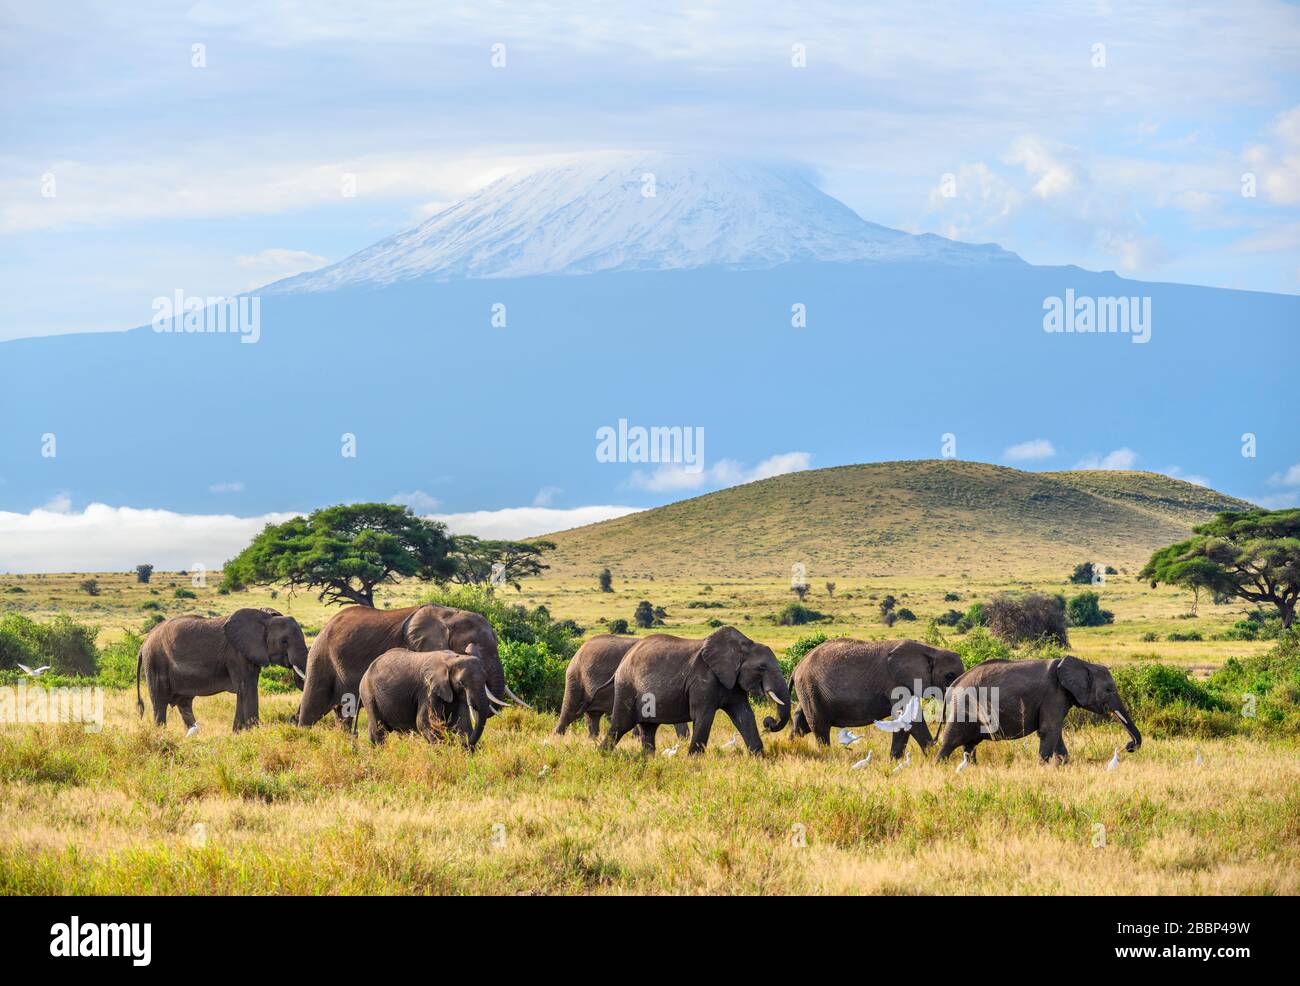 Troupeau d'éléphants de brousse africains (Loxodonta africana) avec le mont Kilimandjaro derrière, Parc national d'Amboseli, Kenya, Afrique Banque D'Images
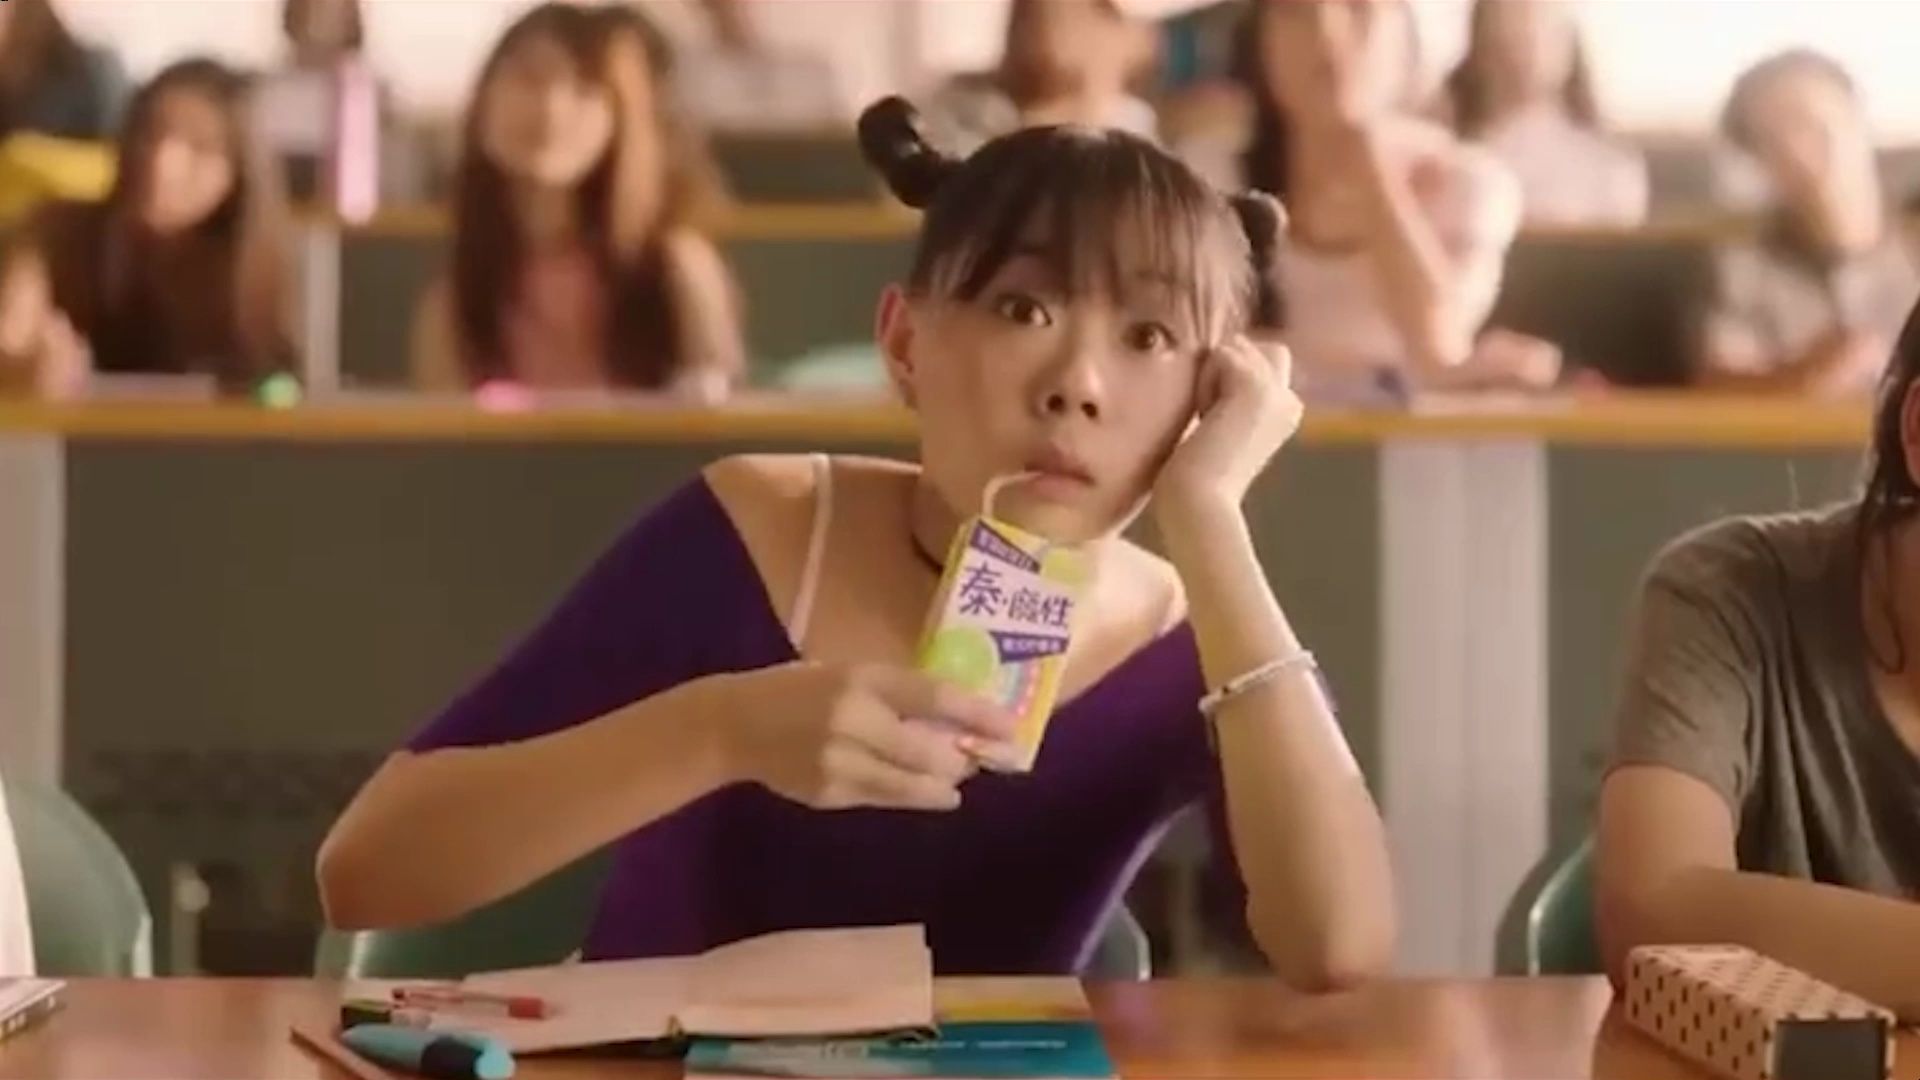 泰国广告的脑洞真的不服不行啊，哈哈哈哈......
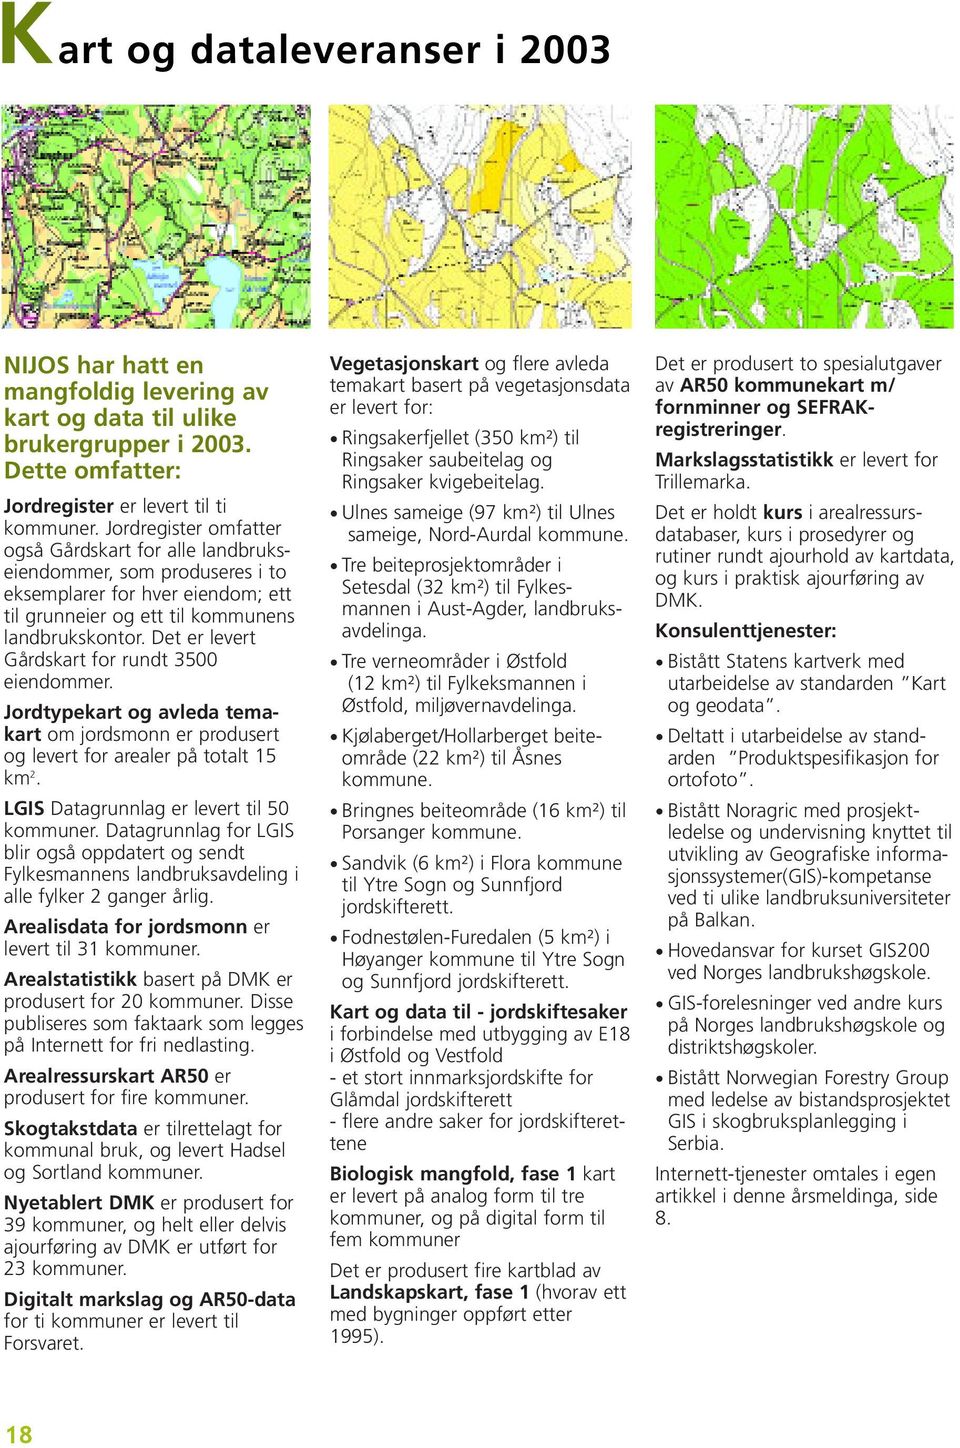 Det er levert Gårdskart for rundt 3500 eiendommer. Jordtypekart og avleda temakart om jordsmonn er produsert og levert for arealer på totalt 15 km 2. LGIS Datagrunnlag er levert til 50 kommuner.
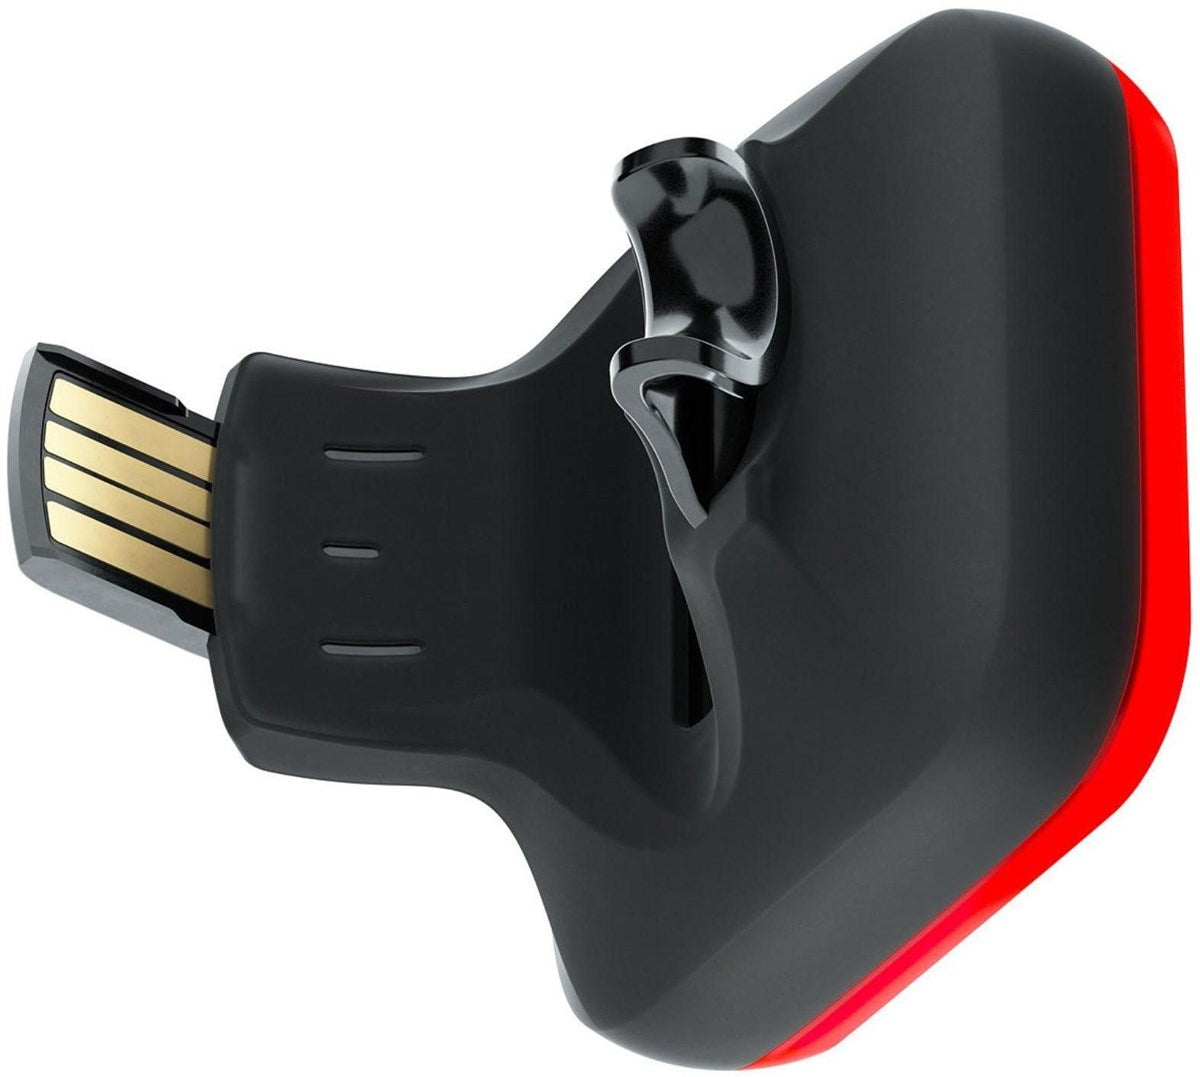 Knog Blinder Square USB Rechargeable Rear Light image #4
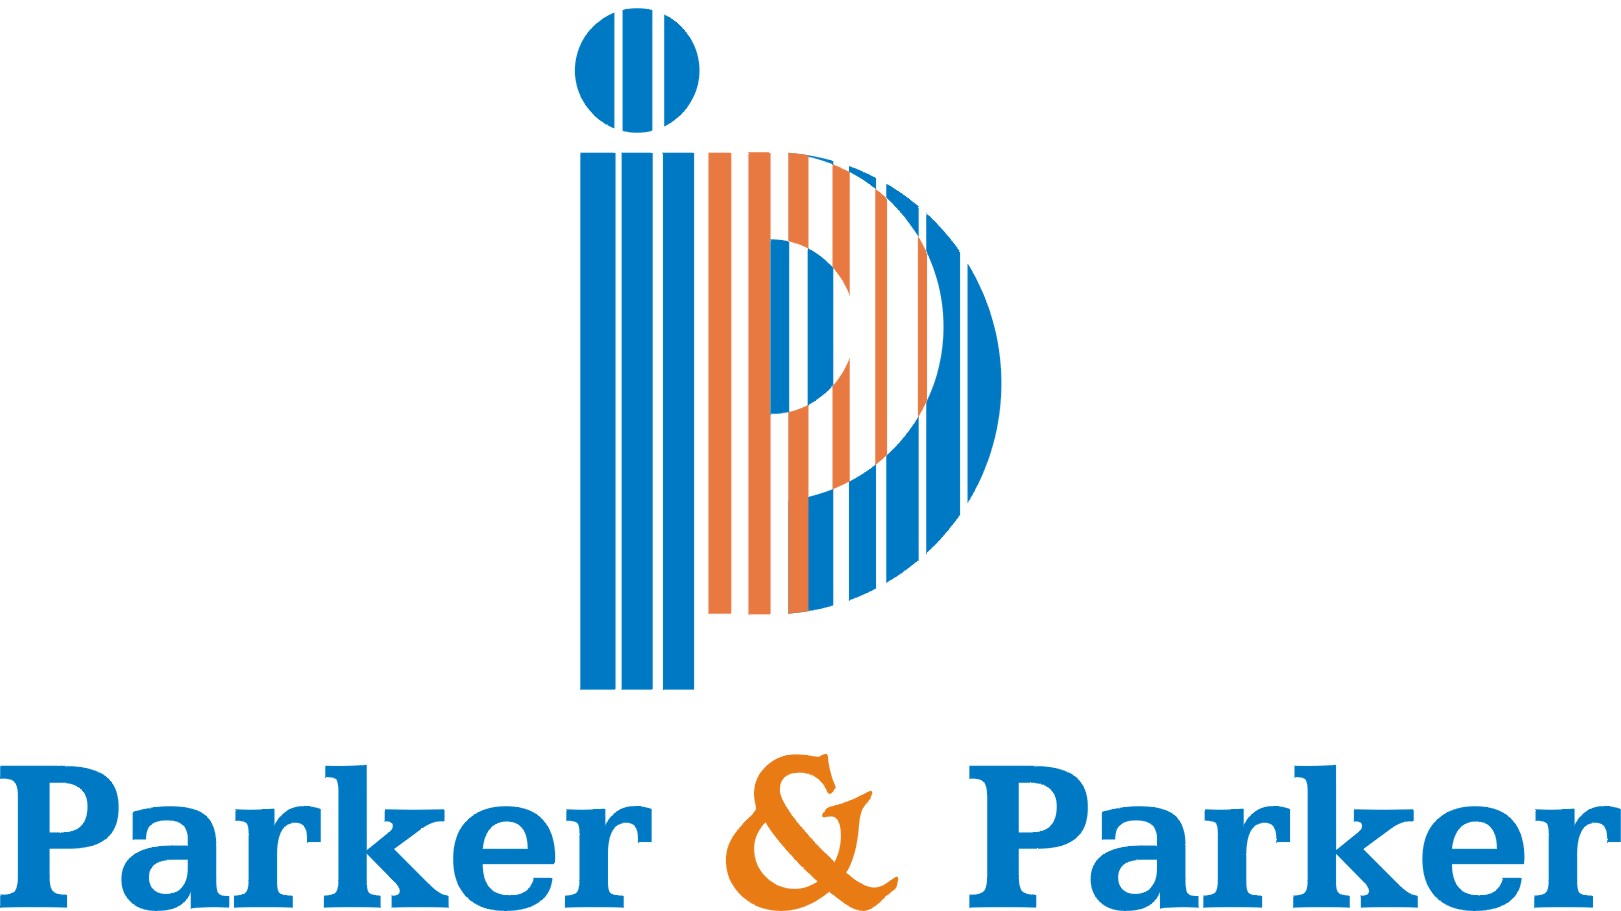 PARKER & PARKER COMPANY

_ _ _ _ _ _ _

*What is expected*. Without including any pictures, repeat the records above exactly.

*Output below*.
 Troupeau d'éléphants de brousse africains (Loxodonta africana) avec le mont Kilimandjaro derrière, Parc national d'Amboseli, Kenya, Afrique Banque D'Images
 泰国广告的脑洞真的不服不行啊，哈哈哈哈......
 Det er levert Gårdskart for rundt 3500 eiendommer. Jordtypekart og avleda temakart om jordsmonn er produsert og levert for arealer på totalt 15 km 2. LGIS Datagrunnlag er levert til 50 kommuner.
 Knog Blinder Square USB Rechargeable Rear Light image #4
 PARKER & PARKER COMPANY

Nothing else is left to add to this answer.